Pleased at the response, I repeated the movements over and over, until his hands were tangled in the covers and he stopped saying actual words. A part of me wanted to keep going, suck harder, tease more, make him beg for release. I wanted to know what it was like to have him come in my mouth.

But the low throb between my legs insisted on something else, and I didn’t have the courage to take the risk that, once he came, he’d leave. If right now was all we’d ever have, I needed to have him inside me again. This time, however, I wanted him beneath me as well.

As I rose up onto my knees, he started to sit up, reaching for me. I put my hand in the center of his chest and shook my head.

“I want to be on top.”

He swallowed hard, jaw clenching as I gripped his cock again. Thick and flushed with blood, it practically pulsed in my hand. Slick from my mouth, my hand moved easily over the soft skin, and I took a moment to enjoy the way his eyes rolled back when I squeezed him.

I gave him a little shove, and he fell back on the bed.
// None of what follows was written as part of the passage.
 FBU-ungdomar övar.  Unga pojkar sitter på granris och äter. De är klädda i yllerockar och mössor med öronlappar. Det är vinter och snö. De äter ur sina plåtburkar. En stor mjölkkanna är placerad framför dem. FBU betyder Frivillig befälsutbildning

When I moved to straddle him, he stayed where he was but reached out to grasp my hips. Not for the first time, I thought of how much larger he was than me, how easy it would be for him to take control. He was definitely an alpha male, but one who was clearly comfortable allowing others to take the wheel, so to speak.
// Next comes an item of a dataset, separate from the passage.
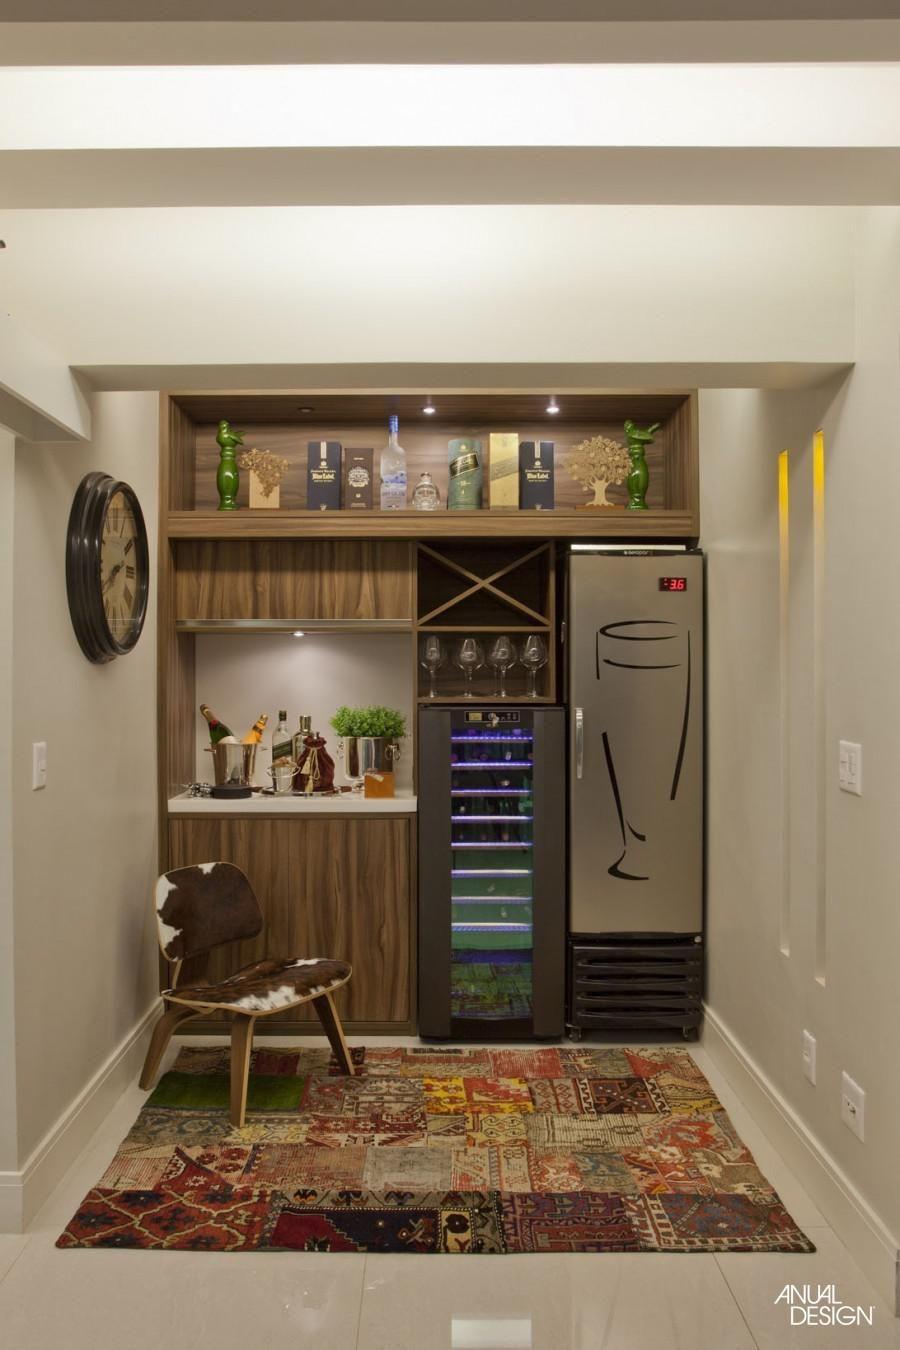 Apartamento Integrado Na Asa Sul Anual Design Bras Lia Casa Nova

His fingers dug into my flesh as I lowered myself to take the first couple inches of him. I let out a shuddering breath as my body remembered and adjusted. I eased down, little by little, savoring the sensations of him filling me, the slight burn from still unaccustomed stretching, the pleasure from the friction of skin on skin. By the time we were as close together as two people could possibly be, my muscles were trembling and my breathing ragged.

“Aline.” Eoin’s voice was rough. “I don’t know how much more I can take.”

I rocked my hips and gasped at the different sensations that came from this type of movement. A rise and fall sent another kind of pleasure through me. I combined the two into a single smooth motion and began to ride his body. One of my hands went to my breast, squeezing and tugging at the nipple until I had little jolts of near-pain mixing with the rest of the pleasure washing over and through me.

Time stood still.

Everything else ceased to exist.

Here, I was in charge. Capable. Sensual. A woman and not a girl. I didn’t need to apologize for what I wanted. I wasn’t inadequate.

No. Here, I could shed everything that came with my family name and money, my IQ, my obligations, and others’ expectations. I could just be me and fly with the man I chose.